Related papers: PII-Scope: A Benchmark for Training Data PII Leakage Assessment in LLMs

PII-Scope: A Benchmark for Training Data PII Leakage Assessment in LLMs

URL: http://arxiv.org/abs/2410.06704v1
Date: Wed, 9 Oct 2024 09:16:25 GMT
Title: PII-Scope: A Benchmark for Training Data PII Leakage Assessment in LLMs
Authors: Krishna Kanth Nakka, Ahmed Frikha, Ricardo Mendes, Xue Jiang, Xuebing Zhou,
Abstract summary: We introduce PII-Scope, a comprehensive benchmark designed to evaluate state-of-the-art methodologies for PII extraction attacks targeting LLMs. We extend our study to more realistic attack scenarios, exploring PII attacks that employ advanced adversarial strategies. We show that with sophisticated adversarial capabilities and a limited query budget, PII extraction rates can increase by up to fivefold when targeting the pretrained model.
Score: 8.98944128441731
License: http://arxiv.org/licenses/nonexclusive-distrib/1.0/
Abstract: In this work, we introduce PII-Scope, a comprehensive benchmark designed to evaluate state-of-the-art methodologies for PII extraction attacks targeting LLMs across diverse threat settings. Our study provides a deeper understanding of these attacks by uncovering several hyperparameters (e.g., demonstration selection) crucial to their effectiveness.
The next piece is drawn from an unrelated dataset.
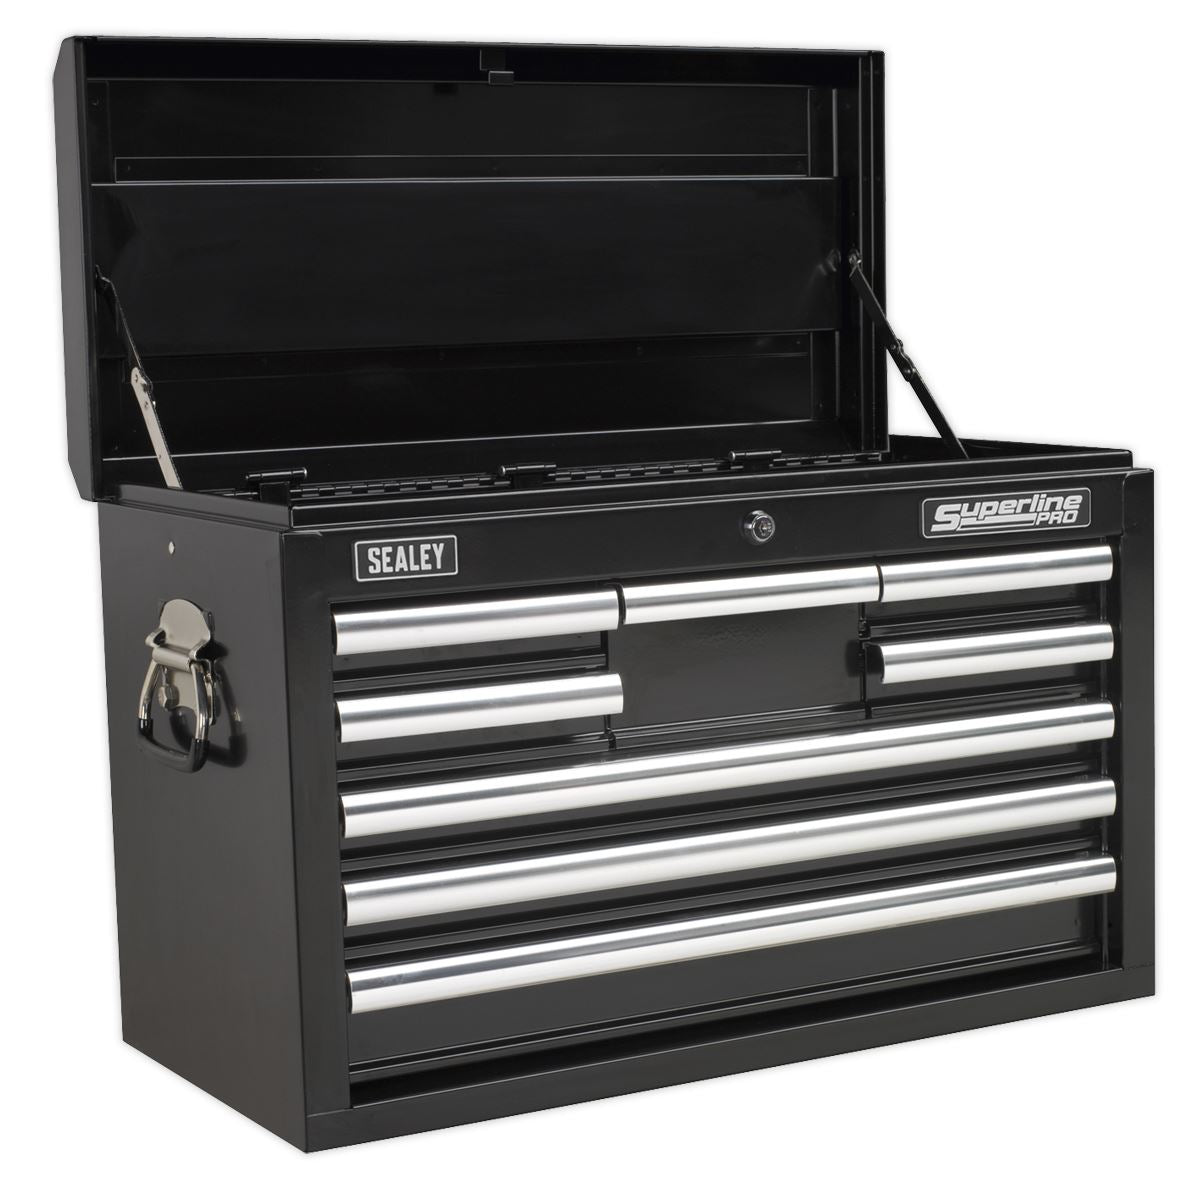 Sealey Superline Pro Topchest 8 Drawer with Ball-Bearing Slides - Black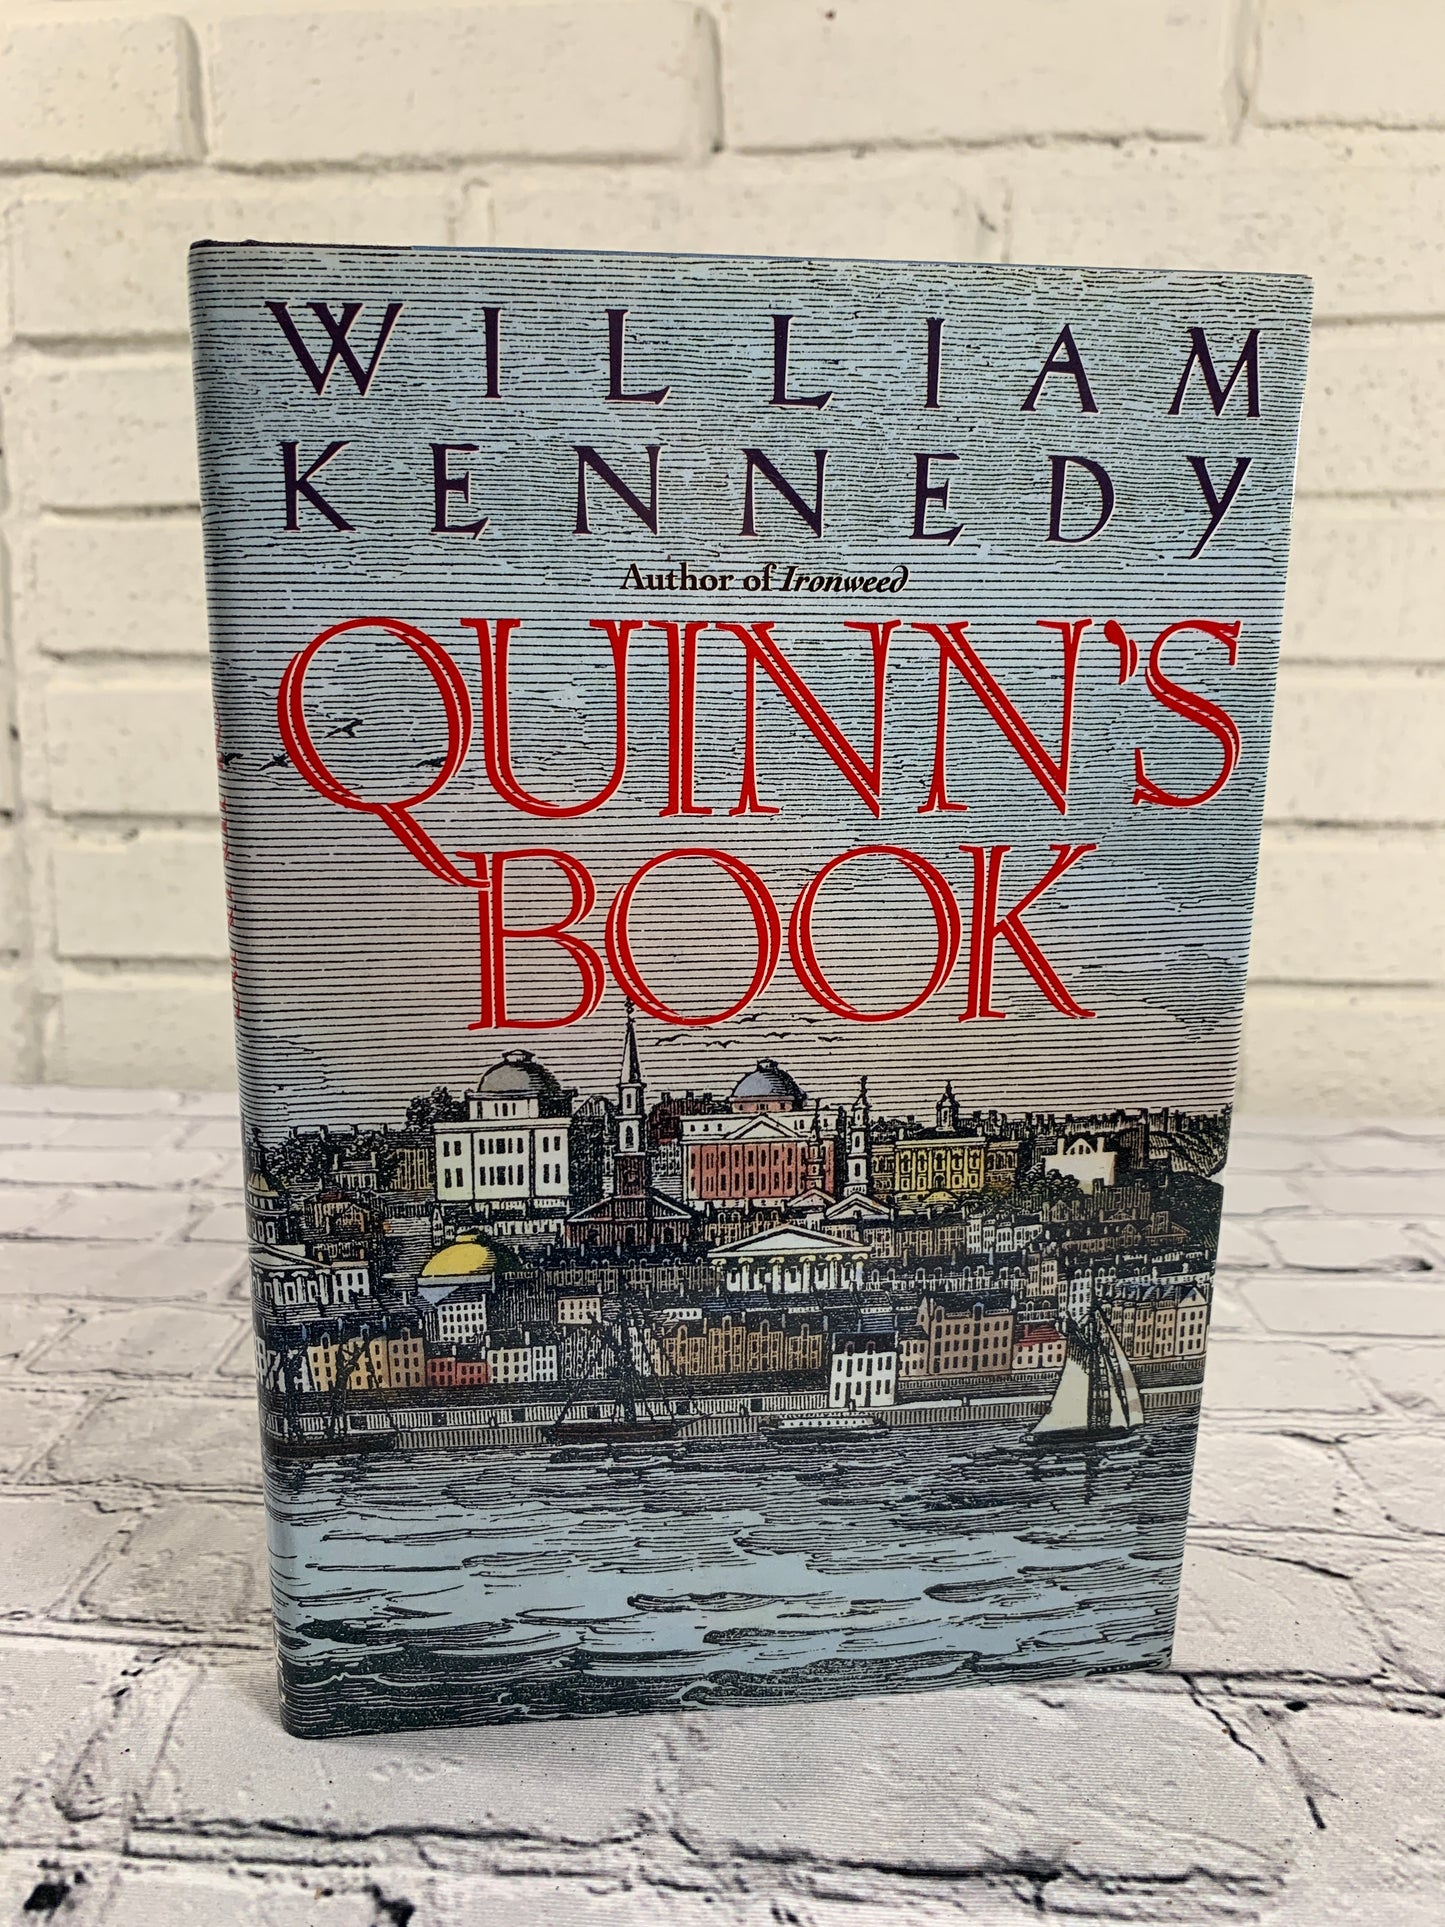 Quinn's Book by William Kennedy [1988]

Building on this understanding, we extend our study to more realistic attack scenarios, exploring PII attacks that employ advanced adversarial strategies, including repeated and diverse querying, and leveraging iterative learning for continual PII extraction. Through extensive experimentation, our results reveal a notable underestimation of PII leakage in existing single-query attacks. In fact, we show that with sophisticated adversarial capabilities and a limited query budget, PII extraction rates can increase by up to fivefold when targeting the pretrained model. Moreover, we evaluate PII leakage on finetuned models, showing that they are more vulnerable to leakage than pretrained models. Overall, our work establishes a rigorous empirical benchmark for PII extraction attacks in realistic threat scenarios and provides a strong foundation for developing effective mitigation strategies.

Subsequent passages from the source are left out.